Parvenu à la fin du livre, le lecteur ne peut qu’admirer l’érudition musicale de l’auteur qui ne se contente pas de parler des compositeurs exilés les plus connus (Schönberg, Stravinsky, Rachmaninov,…), mais consacre également plusieurs pages à quelques oubliés de l’histoire de la musique, comme Ernst Toch ou Vsevolod Zaderatski, pour ne citer que ces deux noms.

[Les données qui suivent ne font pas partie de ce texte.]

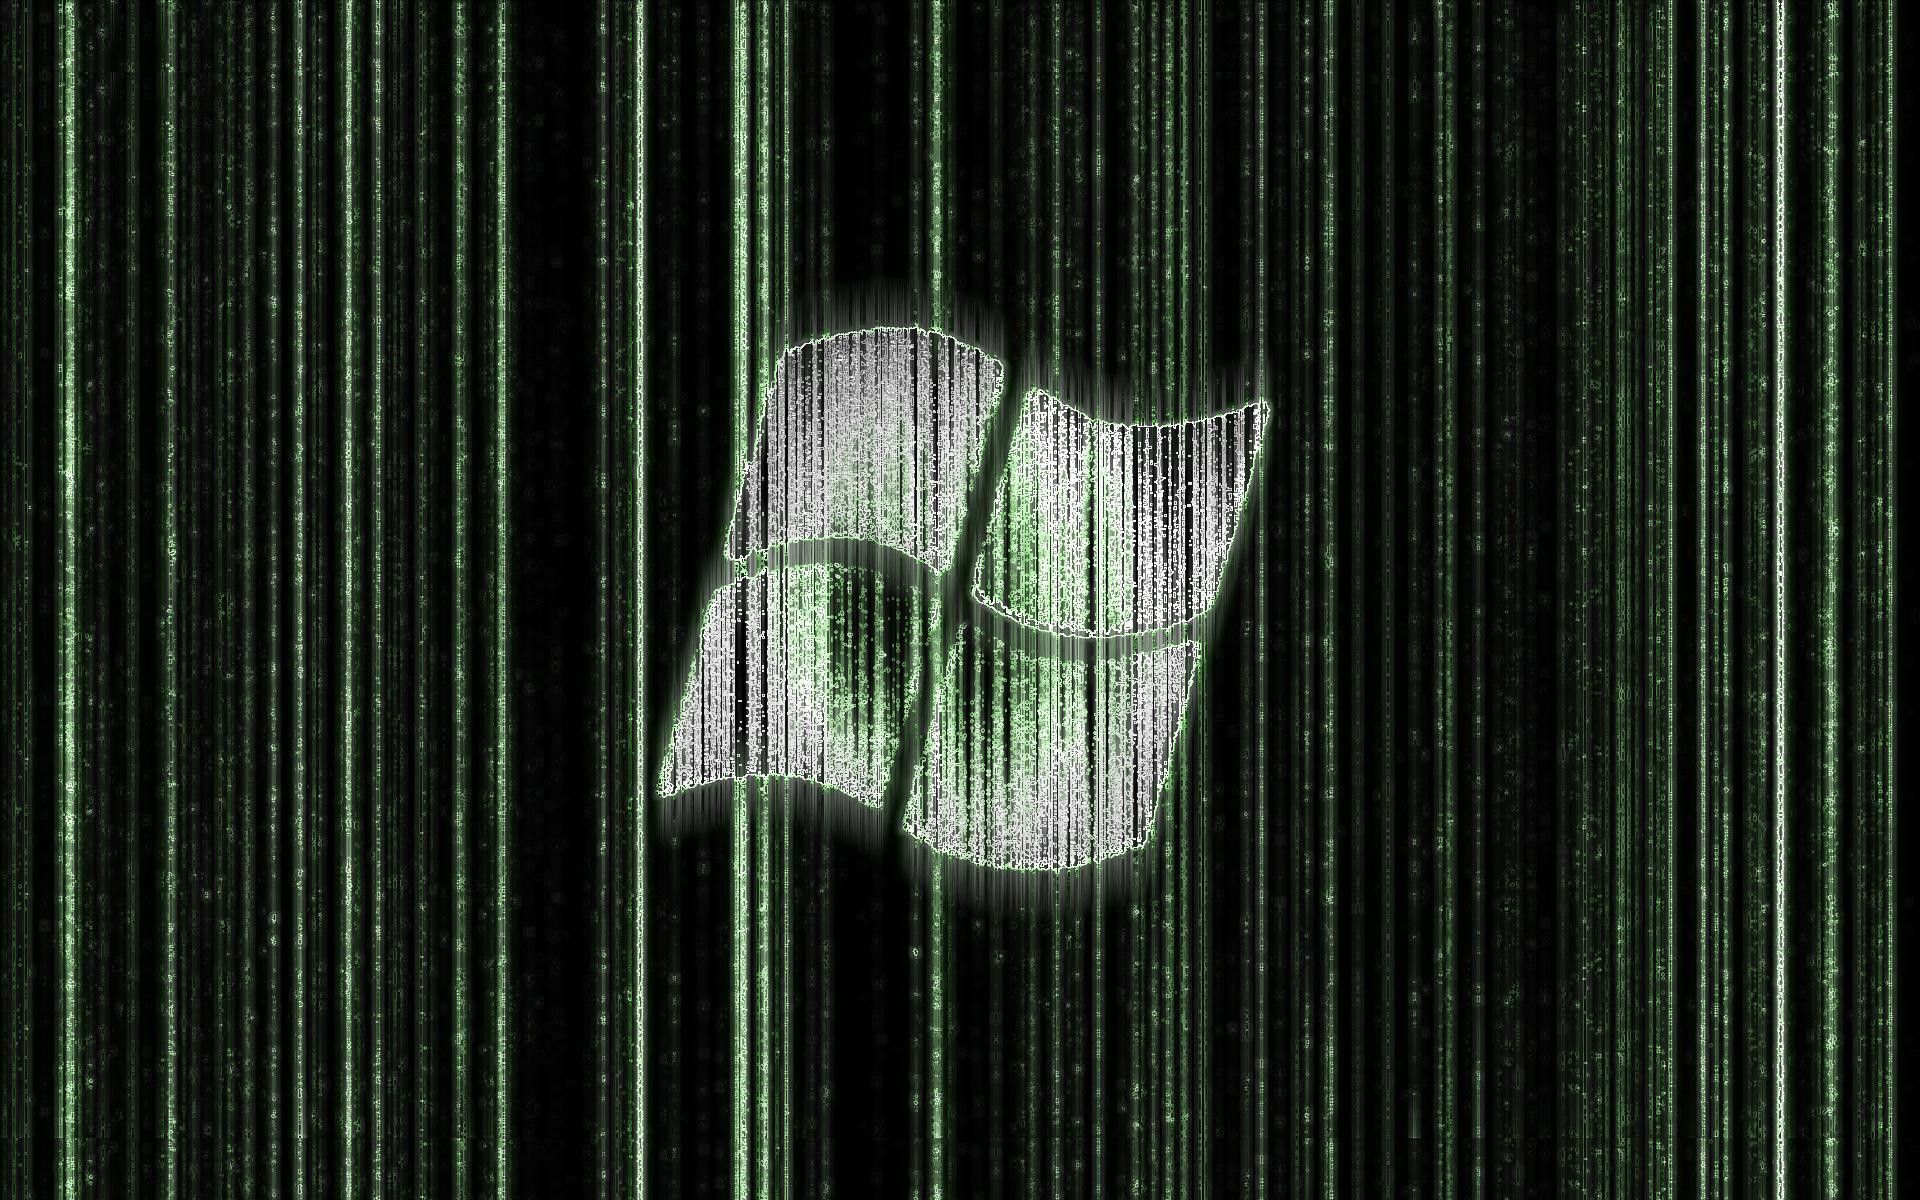 Descargar Matrix Wallpapers Hd Images. Matrix Windows Wallpaper Hd
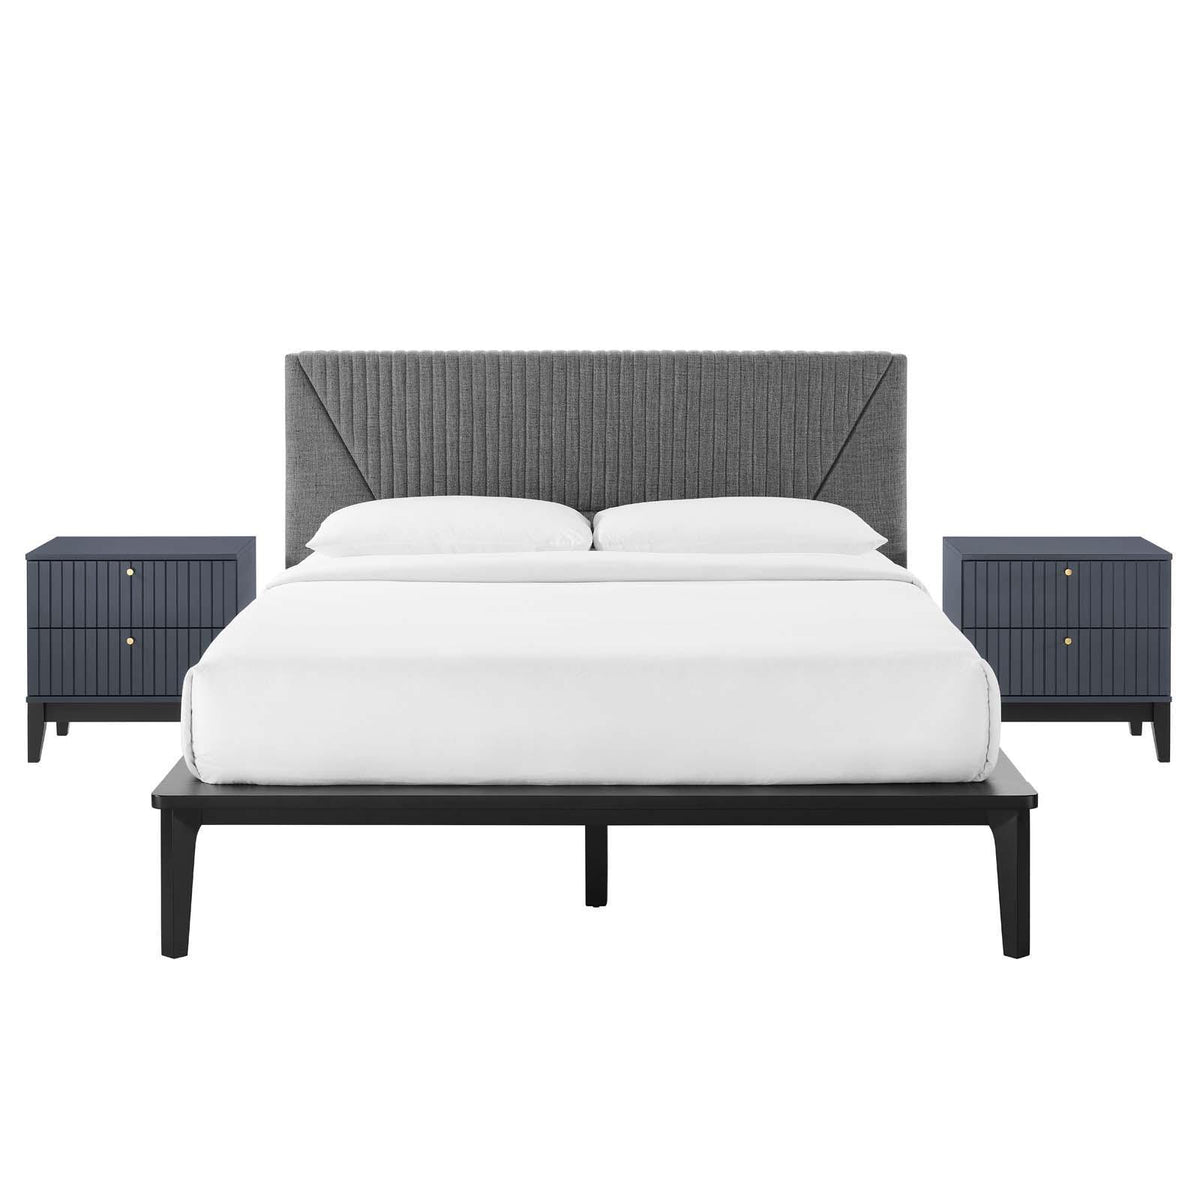 Modway Furniture Modern Dakota 3 Piece Upholstered Bedroom Set - MOD-6961

Au début du dernier chapitre, Barilier revient à la question centrale du livre: y a-t-il une musique de l’exil? Pour lui, la réponse est affirmative. Le problème, c’est qu’il y a une telle variété de styles dans la musique des compositeurs cités qu’il est impossible de parler d’une musique de l’exil. En revanche, et c’est sous cette forme que la question doit se poser (comme l’auteur l’a du reste plus justement formulée au début de l’ouvrage, cf. notre deuxième paragraphe), l’exil a bel et bien infléchi leur création, en la stimulant (Chostakovitch, qui a affirmé que même si on lui coupait les deux mains, il continuerait à composer…), la tarissant (Rachmaninov, qui n’écrira qu’à peine un sixième de son œuvre après avoir quitté la Russie), en la renouvelant (Kurt Weill, changeant complètement de style après son arrivée aux Etats-Unis).

Malgré ces petites réserves, ce livre de plus de deux cents pages au format de poche fourmille de réflexions pertinentes et ne peut manquer d’intéresser les mélomanes.

Référence: Etienne Barilier, Exil et musique. Editions Fayard/Mirare, 2018.